Frith's mistake seems to be one of conflating the personal epistemic level of our contact with the world itself, and the subpersonal neurological level of the constitutive mechanics of vision. The personal element is pushed inwards at the end of the causal chain of the subpersonal dynamics. But this won't do: these really are two different levels of explanation and understanding, not two adjacent domains that are causally chained.

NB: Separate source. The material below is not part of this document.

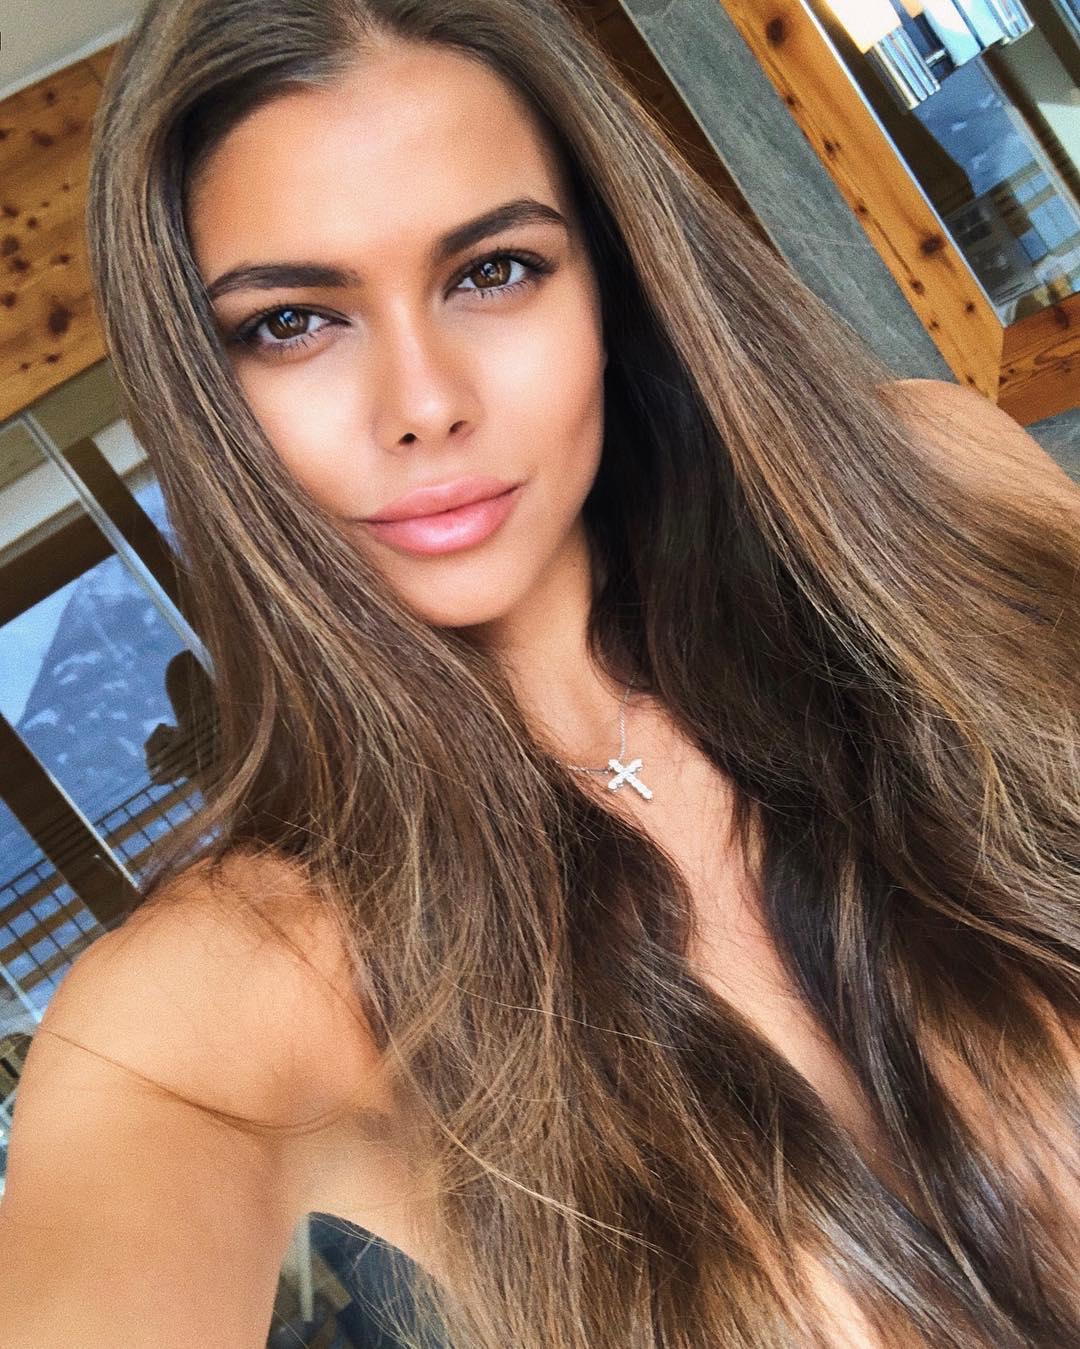 Video Rosa Mendes nude (49 pics), Boobs
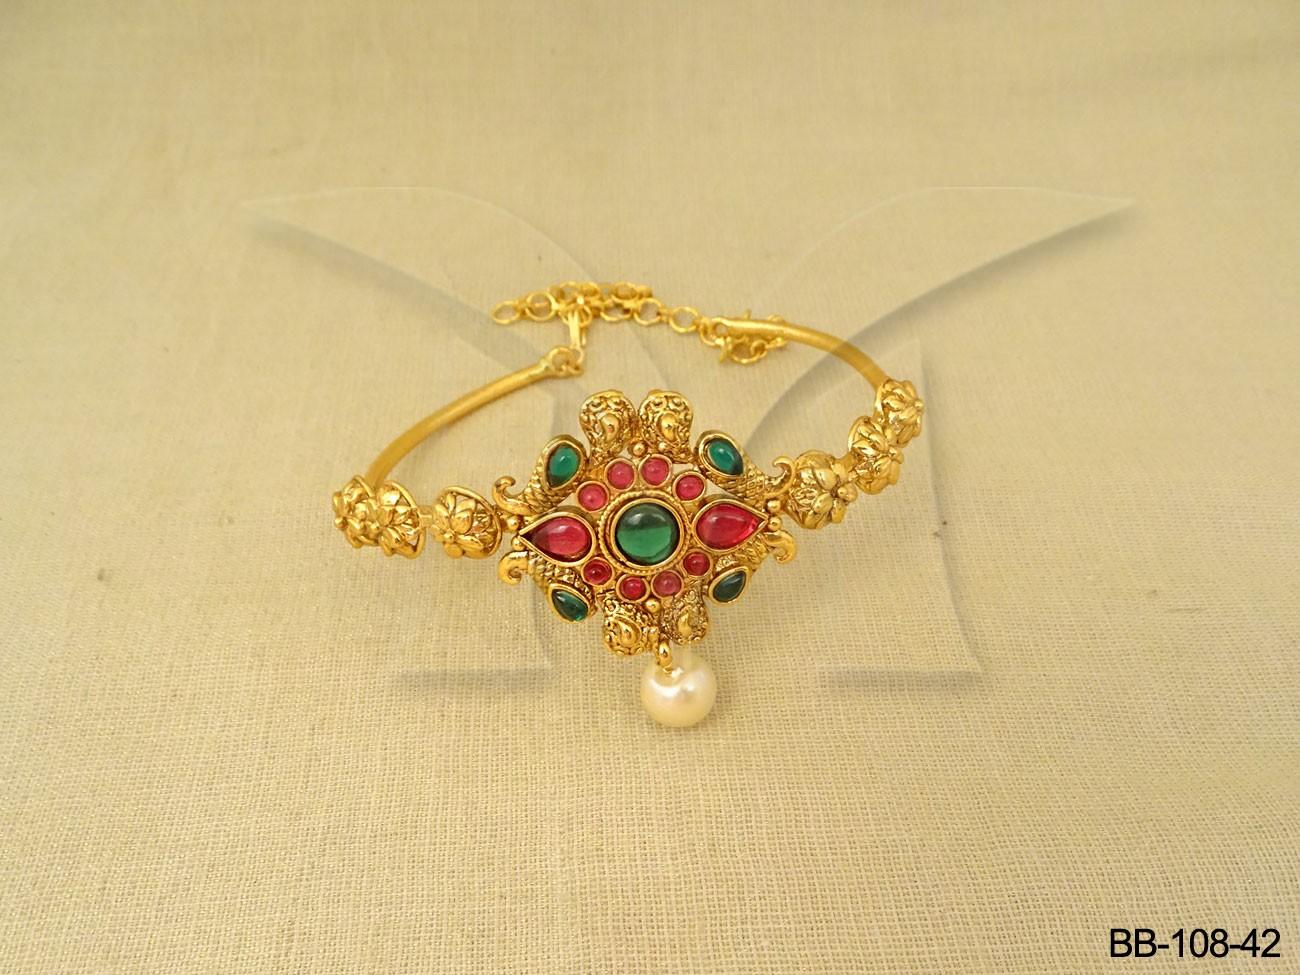 Kempu Stone Jewellery Bajuband

None of this is to say that the possibility of perception is not founded in the possibility of the brain reacting differently to identical changes in retinal stimulation when these changes are either due to object movement or to eye movement. That is surely a necessary precondition for the possibility of perception. Perhaps because of his homuncular 'mind as recipient of neurophysiological inputs' picture, Frith seems to think that perception would be simply a matter of passively receiving sensory stimuli, if it were not for the counfounding influence of personal movement on the retinal image. Yet we know that stable (personal-level) visual experience is dependent on our being able to make thousands of micromovements - it is - at the subpersonal level - an active (even 'enactive') process constituted by dynamic recursive loops in and out of the body - both sensory and motoric (and it even becomes hard to adequately distinguish the two at the subpersonal level). (See Susan Hurley's Consciousness in Action for an excellent exploration of the relation between personal-level phenomena such as visual consciousness, and subpersonal dynamically 'loopy' (from organism to world and back again) phenomena such as sensory and motor behaviour.) Far from our own movements constituting some kind of problem for the otherwise happy receipt of information about the world which we can read straight off the retinae, they are rather the very stuff of perception itself.


Perhaps I am getting carried away attributing these views to Frith? Well, consider the following (p. 102):

Our brain can use this prediction to make us perceive the world as stable even though the image of the world is jumping around on our retina as we move our eyes. This illusion of stability is important for our survival. ... visual changes caused by our own movements are of no relevance ... By predicting these unimportant changes of sensation, the brain can suppress our response to them.


Yet there is no 'illusion of stability' - the world really is stable in such instances. And it is not as if we could perceive perfectly well if we were completely still if we had no predictive machinery. The making of such 'predictions' by the brain is part of the very possibility of our perceptual experience of the world itself, not a mere stabilising factor without which everything would appear to move all the time. Without these 'predictions' we could not be said to have visual experience at all. A material condition of the very possibility of genuine visual consciousness of the world has been read by Frith as if it were instead a mere correcting facilty for the stabilisation of visual images.